I've been trying to avoid children book reviews. This was based off of reader comments when I was asking for blog feedback.
But the other day my sister-in-law said she missed them, and I have been missing them too. I will still hold back--unless I hear otherwise from all of you.
Since this week has been a salute to kids and books, I thought it would be fitting to end with some of my reading favorites of late.
1. I've been loving this book ever since my son got it for Christmas. The Jesus Storybook Bible is amazing! I've been brought to tears on many occasions reading this Bible storybook to my sons at night. The visuals are gorgeous and captivate a child's imagination. The stories are written with high-energy and high-interest.
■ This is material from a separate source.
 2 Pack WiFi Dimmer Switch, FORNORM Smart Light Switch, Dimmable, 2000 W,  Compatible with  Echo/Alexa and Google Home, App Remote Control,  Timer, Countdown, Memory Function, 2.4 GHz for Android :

The writer, Sally Lloyd-Jones feels divinely inspired as you read her narratives. We have just read through the Old Testament. Last night my oldest started a monologue all about Moses and the Israelites and the Egyptians. I didn't even know he knew the word Israelites. He had some interesting thoughts and observations about what if the Egyptians and Israelites had changed places and the Pharaoh had to be a slave, then maybe he wouldn't have chased after the Israelites on those fast horses. Then his monologue turned to David and Goliath and later Daniel. From the descriptions he was using I knew he was retelling all the stories from this picture Bible. He ended with, "And next we get to read the New Testament! I'm so excited!"
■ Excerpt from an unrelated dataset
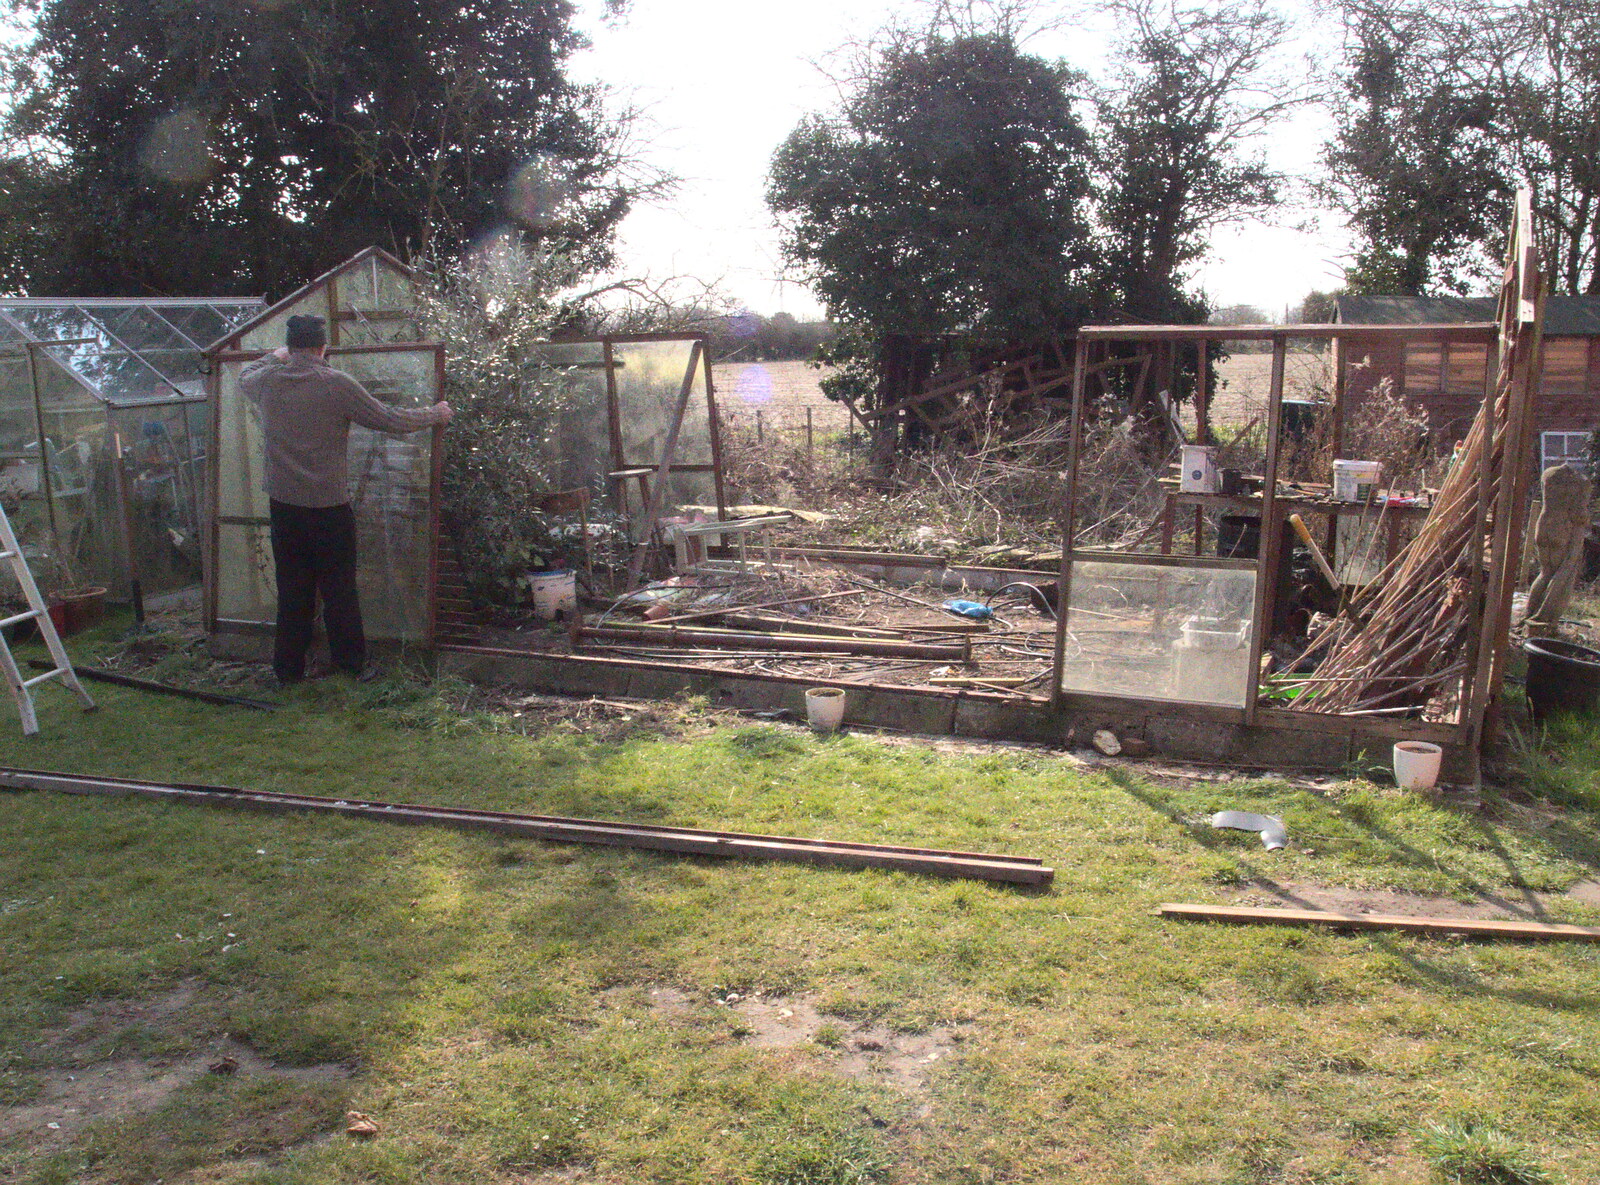 The greenhouse disappears from A Crashed Car and Greenhouse Demolition, Brome, Suffolk - 20th March 2015

2. The Rooster Prince of Brestov is a famous Yiddish folktale. First I love folktales, love the morals and lessons they teach young readers. Here is the traditional lesson of this folktale as interpreted by Rebbe Nachman, "For a teacher to raise his student to the heights of spiritual ecstasy, that teacher must approach the student at the student's own level, no matter how low." But also there is the author's view (Ann Redisch Stampler) of the embedded modern-day lesson, "I see the rooster prince tale as a coming-of-age story that explores, with great humor and tenderness, the question of how to nurture a child so he or she will grow up to become a good person. In the story a confused and alienated boy becomes a man by developing true compassion and practicing good deeds.....His stature as a prince suggest that all children, no matter how privileged, must go through this developmental process in order to become kings and queens---adults with moral authority in their families and communities."
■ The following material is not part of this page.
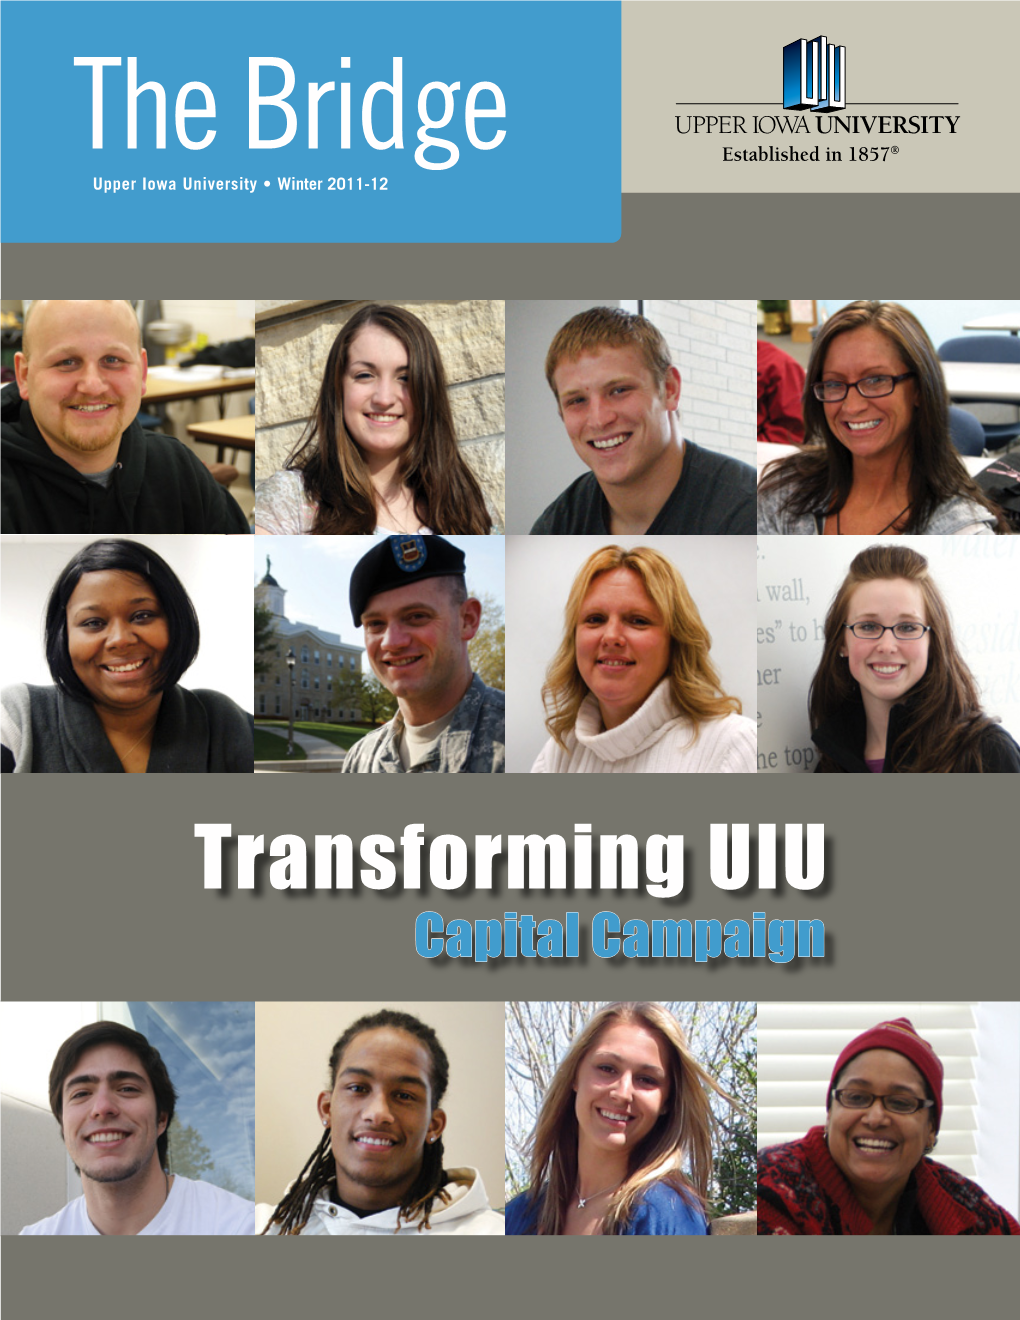 Transforming UIU Capital Campaign from the President

So, why did my boys love this book? Well, a red-headed prince decides he is a rooster. And to fully become this rooster, he strips himself to the buff! He walks around and eats corn off the floor. An old, wise man joins him. The pictures are amusing and funny, but the teacher (old man) is gentle and patient as he returns the rooster back to his parents as a worthy prince.
3. 1001 Things to Spot Long Ago is my last recommendation. This is an interactive book that helps teach history and time to young children. Each page is a visual mastery with items to spot and find. The first historical era is "At the market" Mesopotamia, 4000 years ago. One task was finding 10 necklaces. At, "A castle feast" England, 600 years ago my boys had to search for 10 silver goblets. The most recent was "The drive-in movies" North America, 45 years ago. One of the many hunts was for 9 boxes of popcorn.
This is one of those books that your children can look at on their own. I love catching my sons sitting on the couch together spotting and finding items and getting a taste for time and culture, society and value...how they change and evolve with time.